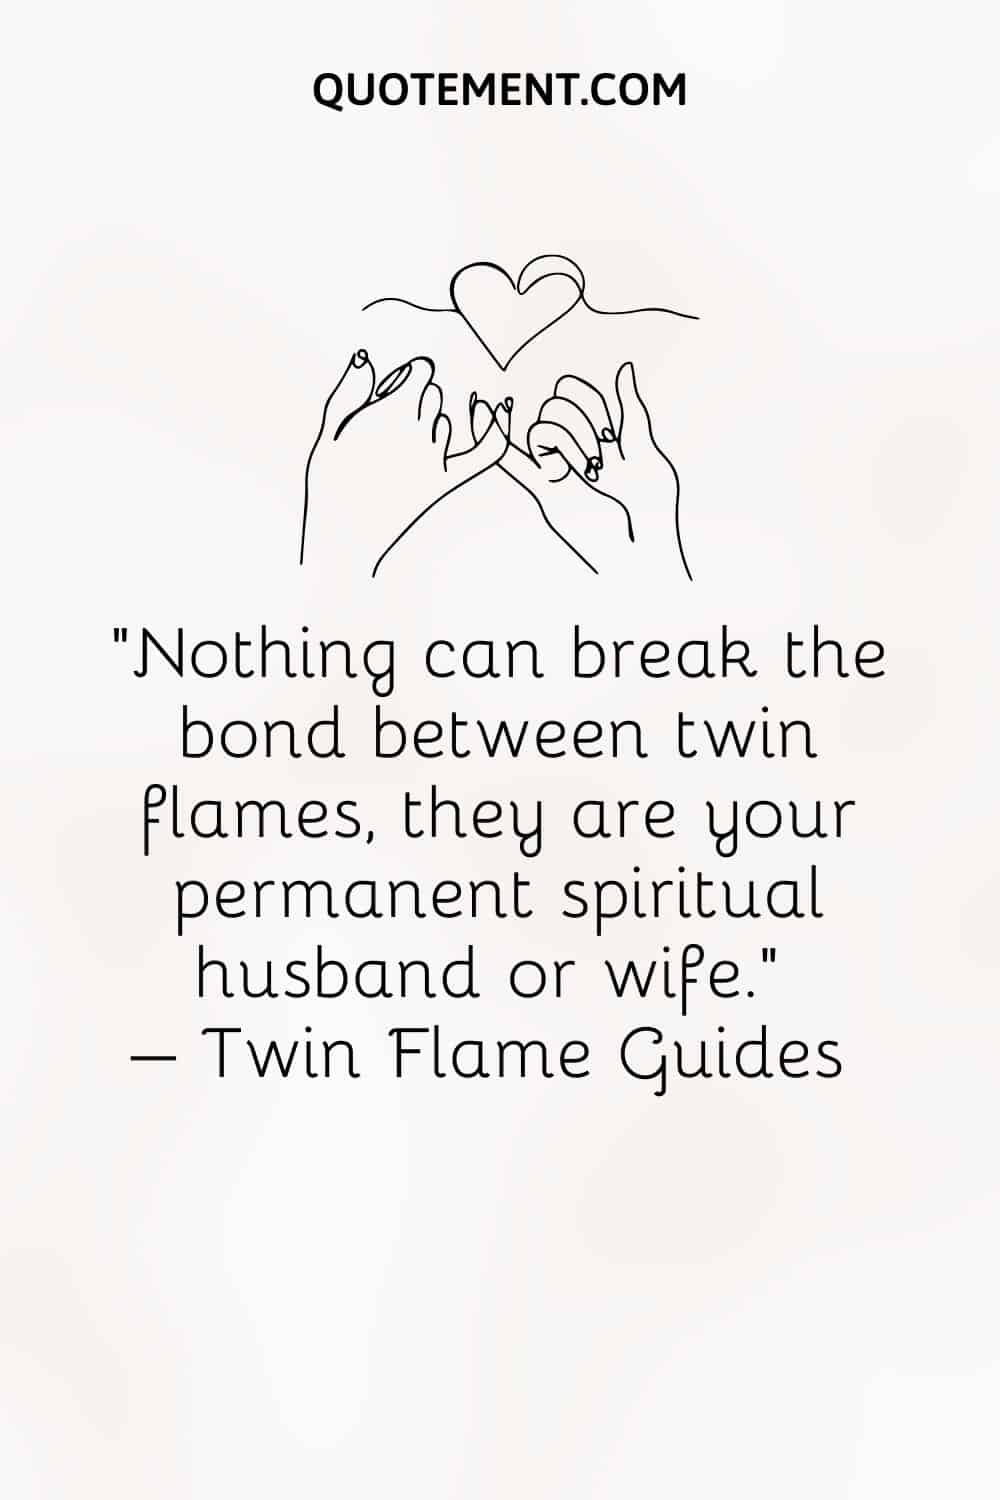 Nothing can break the bond between twin flames, they are your permanent spiritual husband or wife
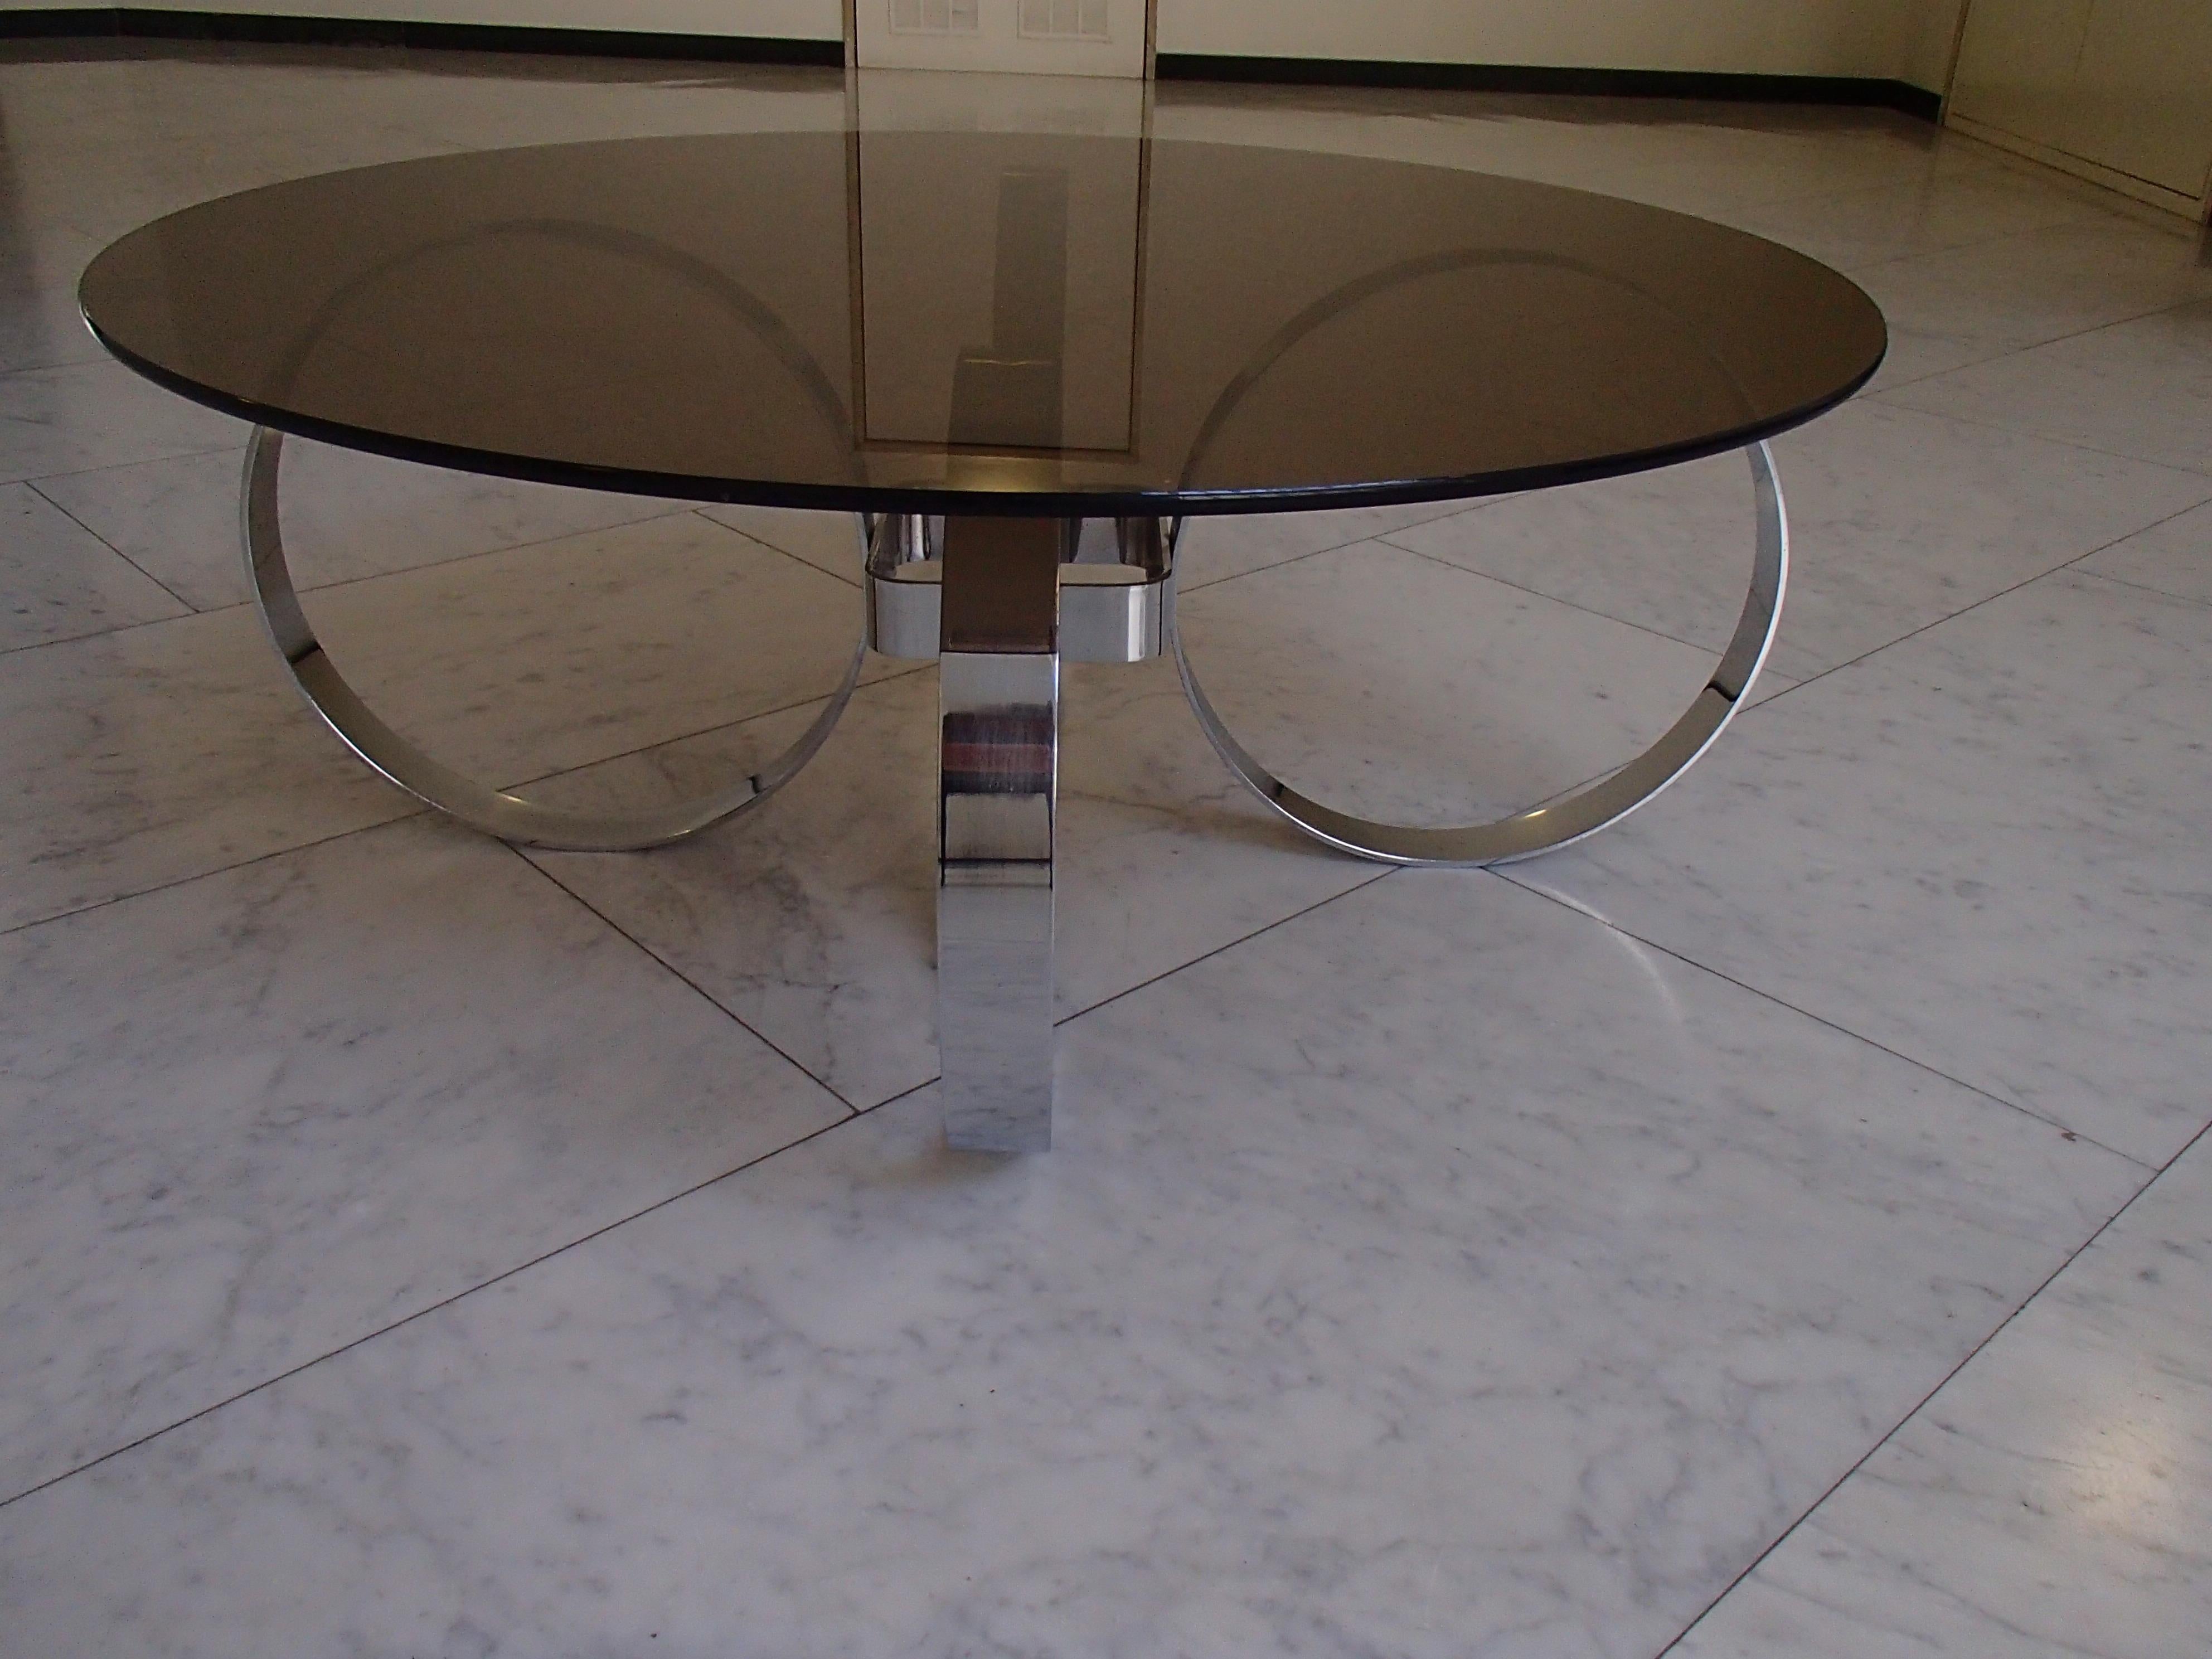 Late 20th Century Mid-Century Modern Low Table Chrome Rings and Brown Glass Top For Sale
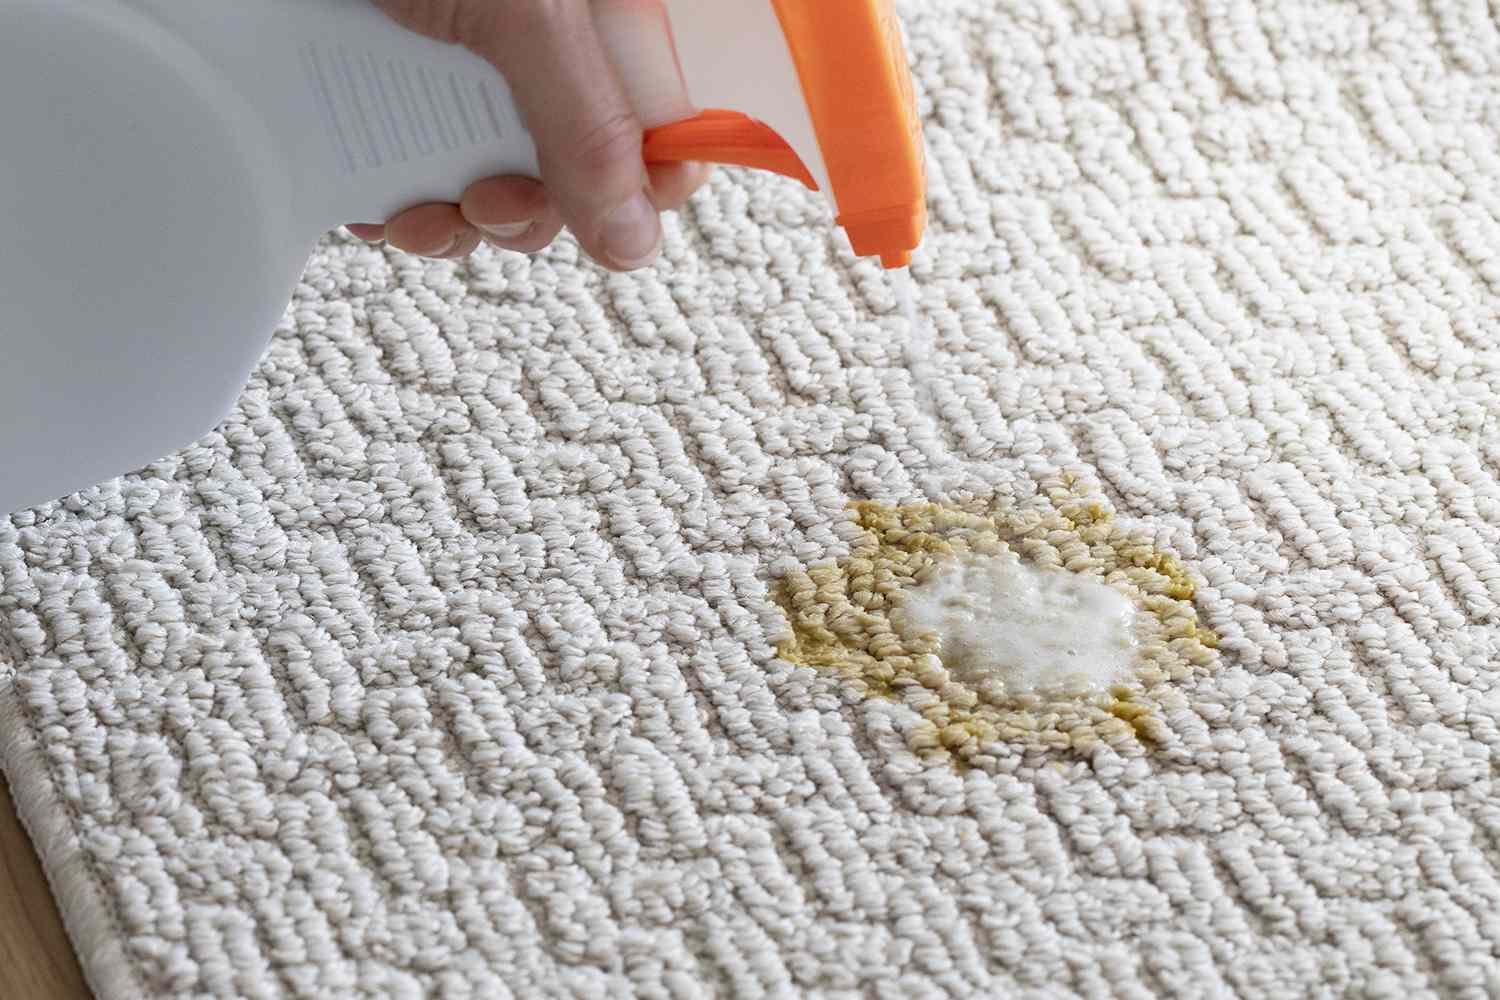 How To Clean Vomit From Floor

*Problem*:
Please output each line above exactly and omit all images.

*Solution for this problem*:
 Nothing can break the bond between twin flames, they are your permanent spiritual husband or wife
 Late 20th Century Mid-Century Modern Low Table Chrome Rings and Brown Glass Top For Sale
 How To Clean Vomit From Floor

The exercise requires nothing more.